Parker had never kissed a girl before that moment. He was pretty sure he was bad at it. He didn’t care. He was kissing Mary Walsh. He could die now and be content.

He pulled away and looked at her. Her eyes were closed and he was able to register the look of shock on her face, along with the hint of a smile. Parker was able to see that look on her face for a split second before being violently shoved to the floor.

“The hell do you think you’re doing, Davis?!” Wyatt yelled as he stood above Parker.
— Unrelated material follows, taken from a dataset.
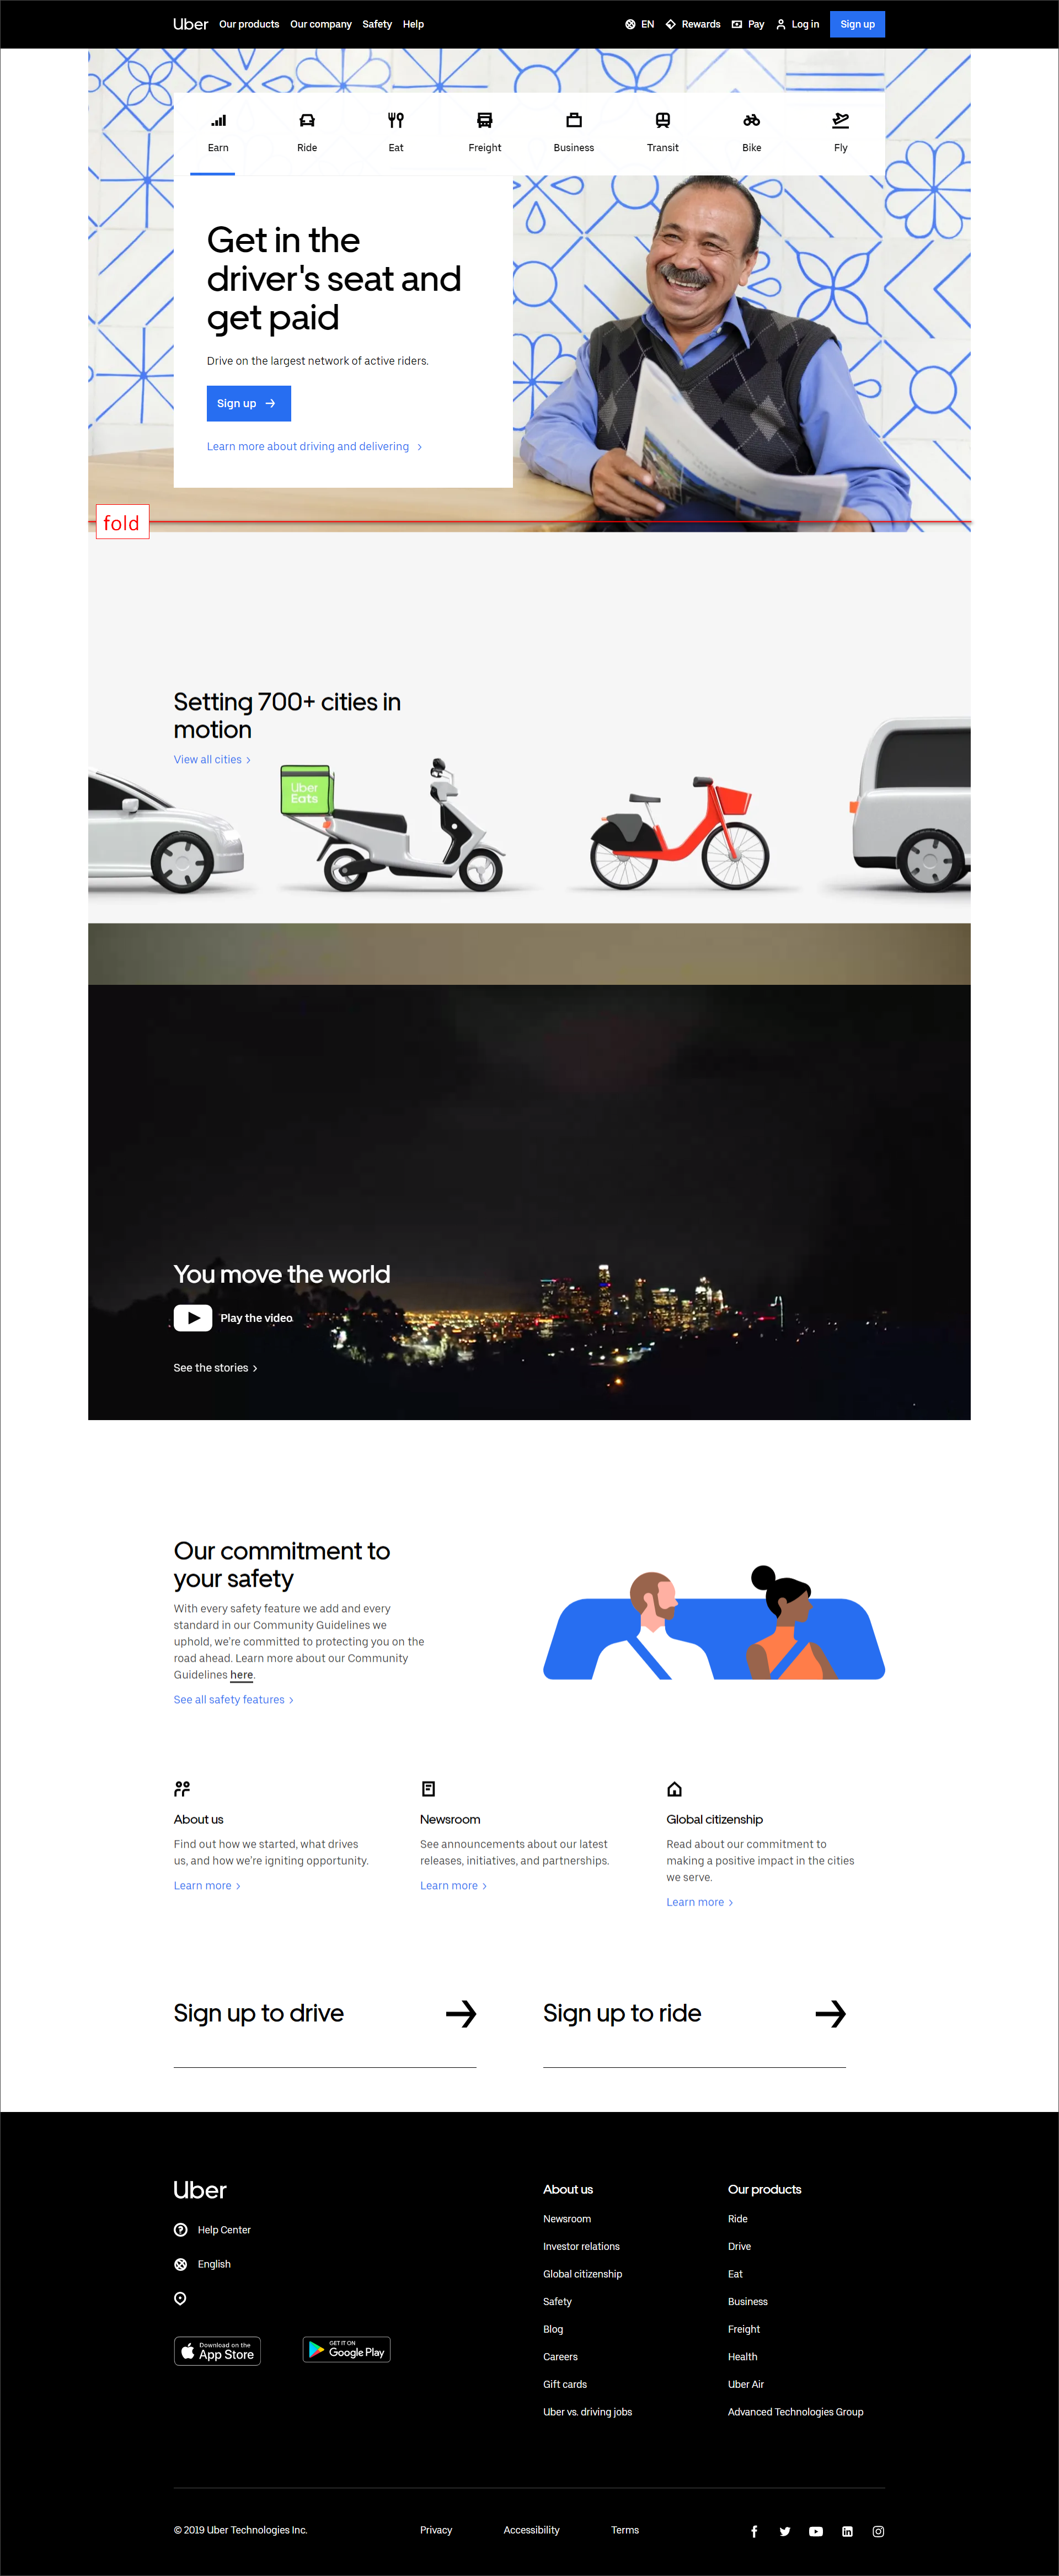 Uber.com: Example of good homepage design - distinct user tasks, pathway for early stage visitors

Totally worth it, Parker thought.

Wyatt reached down, grabbed two handfuls of Parker’s tuxedo, and pulled him back to his feet. Parker could see the rage in Wyatt’s eyes. All he could do was smirk at this popular jerk who had made his life miserable for so many years. “Wyatt!” chimed the sweetest voice in the room, “Put him down!”

Wyatt held on tight. “I’m not about to let this little douchebag kiss my girlf–”

“Whoa!” Mary cut Wyatt off, “I am not your girlfriend!” She pushed Wyatt and separated him from Parker. “Just because I agreed to come with you to the prom does not make us a couple! And that’s certainly not gonna happen with the way you’re acting now!”

“But he just–” Wyatt began.

“Yeah, I know. And I’ll deal with him when I’m done with you,” Mary said, crossing her arms. Parker could see that she was furious. Probably with both of them. “Actually, I am done with you. You can find your own ride home.”

Parker laughed. “You made Mary drive you to the prom?” he asked, looking right at Wyatt. Later, when Parker looked back on prom night, he would have to admit that his comment was a mistake. Mostly because, in a flash, Wyatt took a step toward him and delivered a well-placed right hook. Parker found himself back on the floor.

The next few minutes were a blur. He remembered the principal, Mr. Zimmerman, escorting Wyatt away and, most likely, out of the gym. He didn’t remember getting up and walking out of the gym himself, but somehow he got to the cafeteria, where he and Mary sat alone while she applied an ice pack to his swelling left eye.

“That was really stupid,” she said softly to him.

“I know. I’m sorry,” Parker said, “I know I shouldn’t have kissed you, but, I mean, it’s been building up for 12 years.”

Mary laughed a little, “I wasn’t talking about the kiss.”

“Oh, well, yeah. I guess I could have held back what I said to Wyatt. But I was nervous. I lose my filter when I get nervous.”

“I’ve noticed,” Mary laughed again. She turned his face so that she could look directly into his good eye. “Did you really think I hadn’t noticed you over the years?”

“A little,” Parker began, “maybe, I don’t know.”

Mary moved the ice pack away from Parker’s face. She leaned closer to him and kissed him softly. “You’ve really gotta get better about picking your moments, that’s all.”